Our application, or our system, as I should rather say, comes in two or three parts.

Part 1: An ear deployed to one cluster that contains 3rd party vendor code combined with customization code. Their code is EJB 2.0 compliant and has a lot of Remote Home interfaces.

Part 2: An ear deployed to the same cluster as the first ear. This ear contains EBJ 3's that make calls into the EJB 2's supplied by the vendor and the custom code. These EJB 3's are used by the JSF UI also packaged with the EAR, and some of them are also exposed as web services (JAX-WS 2.0 with SOAP 1.2 compliance) for other clients.

Part 3: There may be other services that do not depend on our vendor/custom code app. These services will be EJB 3.0's and web services that are deployed to the other cluster.

Per a recommendation from some IBM staff on site here, communication between nodes in a cluster can be EJB RMI. But if we are going across clusters and/or other cells, then the communication should be web services.

That said, some of us are wondering about performance and optimizing communication for speed of our applications that will use our web services and EJB's. Right now most EJB's are exposed as remote. (and our vendor set theirs up that way, rather than also exposing local home interfaces). We are wondering if WAS does any optimizations between apps in the same node/cluster node space. If two apps are installed in the same area and they call each other via remote home interface, is WAS smart enough to make it a local home interface call?

Are their other optimization techniques? Should we consider them? Should we not? What are the costs/benefits? Here is the question from one of our team members as sent in their email:

The question is: Supposing we develop our EJBs as remote EJBs, where our UI controller code is talking to our EXT java services via EJB3...what are our options for performance optimization when both the EJB server and client are running in the same container?

As one point of reference, google has given me some oooooold websphere performance tuning documentation from 2000 that explains a tuning configuration you can set to enable Call By Reference for EJB communication when they're in the same application server JVM. It states the following:

Because EJBs are inherently location independent, they use a remote programming model. Method parameters and return values are serialized over RMI-IIOP and returned by value. This is the intrinsic RMI "Call By Value" model.

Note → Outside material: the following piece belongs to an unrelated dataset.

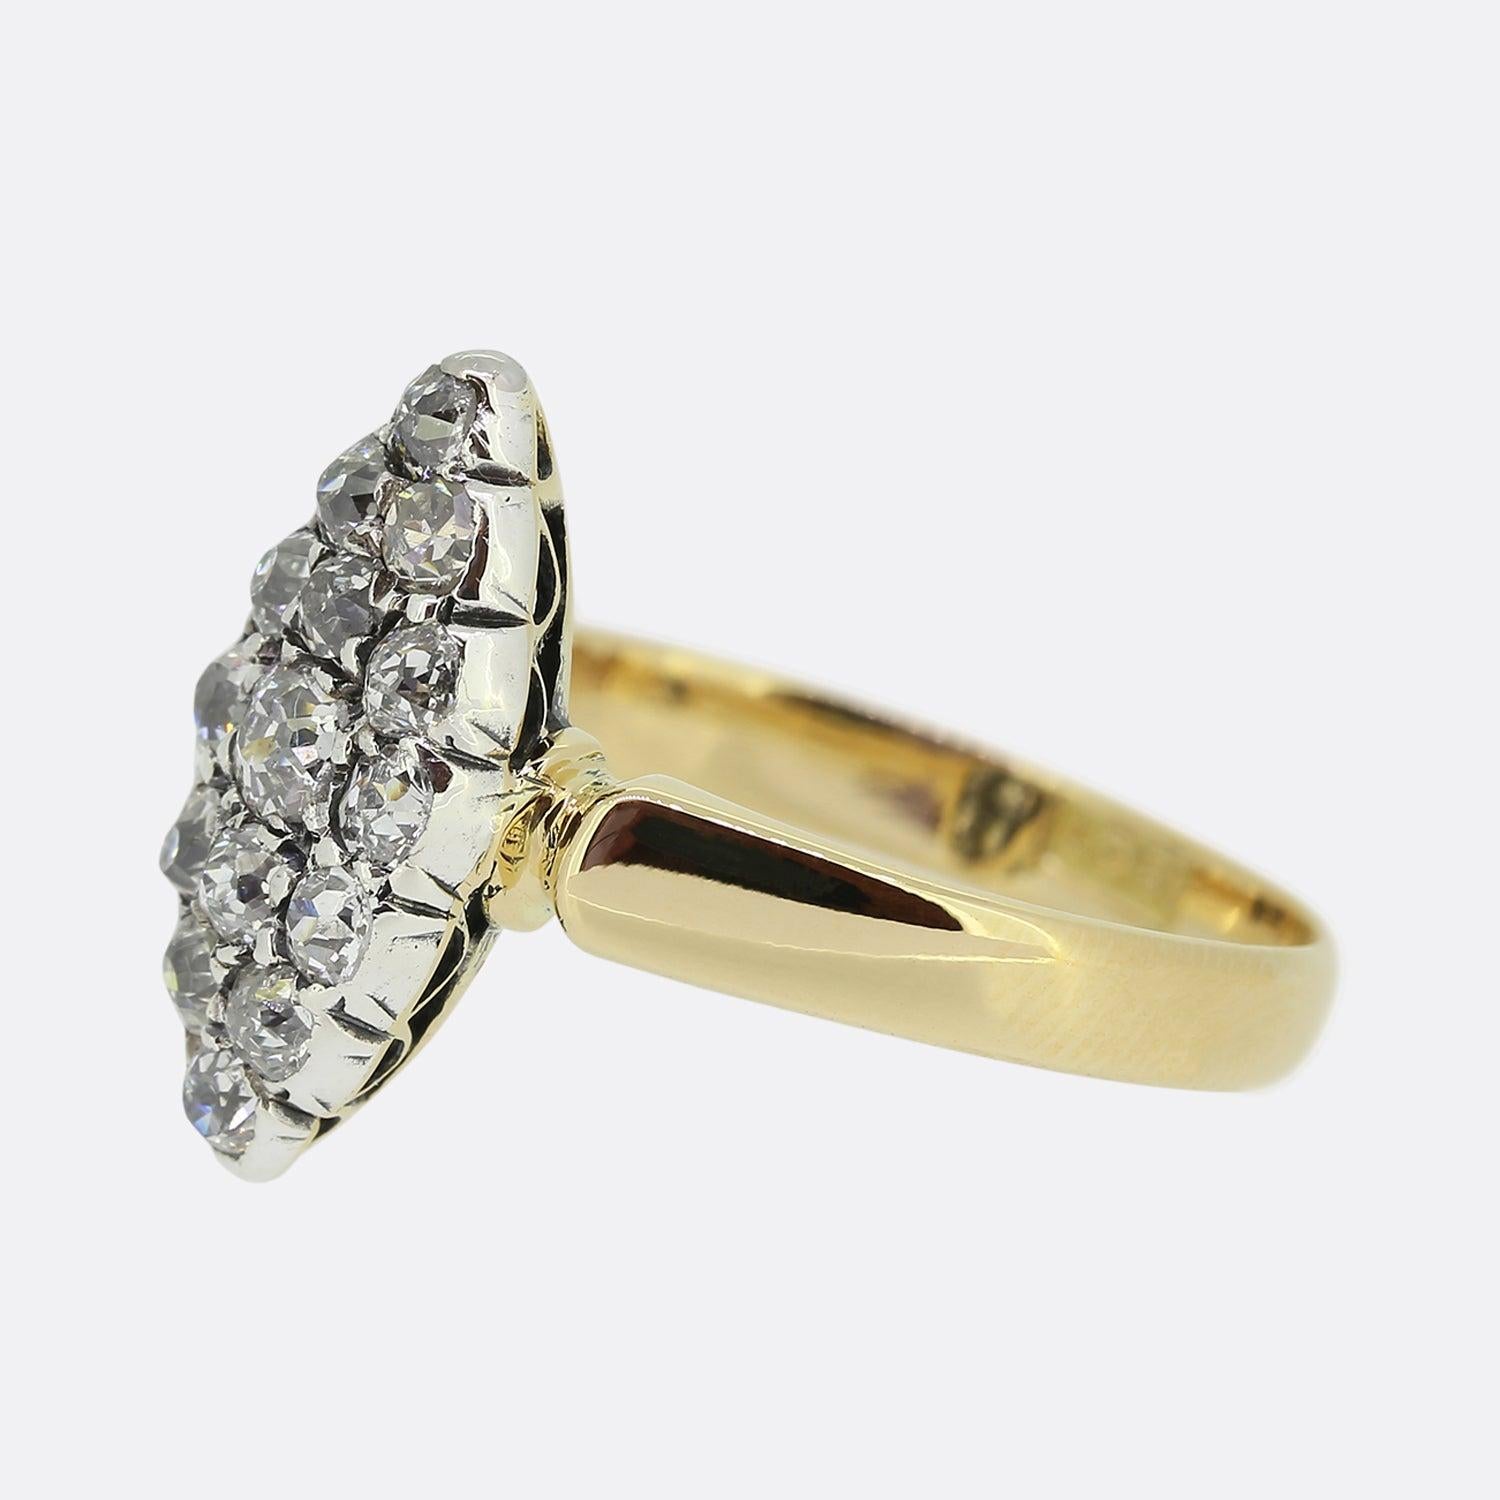 Here we have an antique diamond navette ring from the Edwardian era. The piece showcases a boat-like shaped face which has been filled with a vast array of closely claw set old cut diamonds in platinum atop a plain polished 18ct yellow gold band.

WebSphere provides the "No Local Copies" performance optimization for running EJBs and clients (typically servlets) in the same application server JVM. The "No Local Copies" option uses "Call By Reference" and does not create local proxies for called objects when both the client and the remote object are in the same process. Depending on your workload, this can result in a significant overhead savings.

Configure "No Local Copies" by adding the following two command line parameters to the application server JVM:

* -Djavax.rmi.CORBA.UtilClass=com.ibm.CORBA.iiop.Util
* -Dcom.ibm.CORBA.iiop.noLocalCopies=true

CAUTION: The "No Local Copies" configuration option improves performance by changing "Call By Value" to "Call By Reference" for clients and EJBs in the same JVM. One side effect of this is that the Java object derived (non-primitive) method parameters can actually be changed by the called enterprise bean. Consider Figure 16a:

Also, we will also be using Process Server 6.2 and WESB 6.2 as well in the future. Any ideas? recommendations?

Thanks

+1  A: 

The only automatic optimization that can really be done for remote EJBs is if they are colocated (accessed from within the same JVM). In that case, the ORB will short-circuit some of the work that would otherwise be required if the request needed to go across the wire. There will still be some necessary ORB overhead including object serialization (unless you turn on noLocalCopies, with all the caveats it brings).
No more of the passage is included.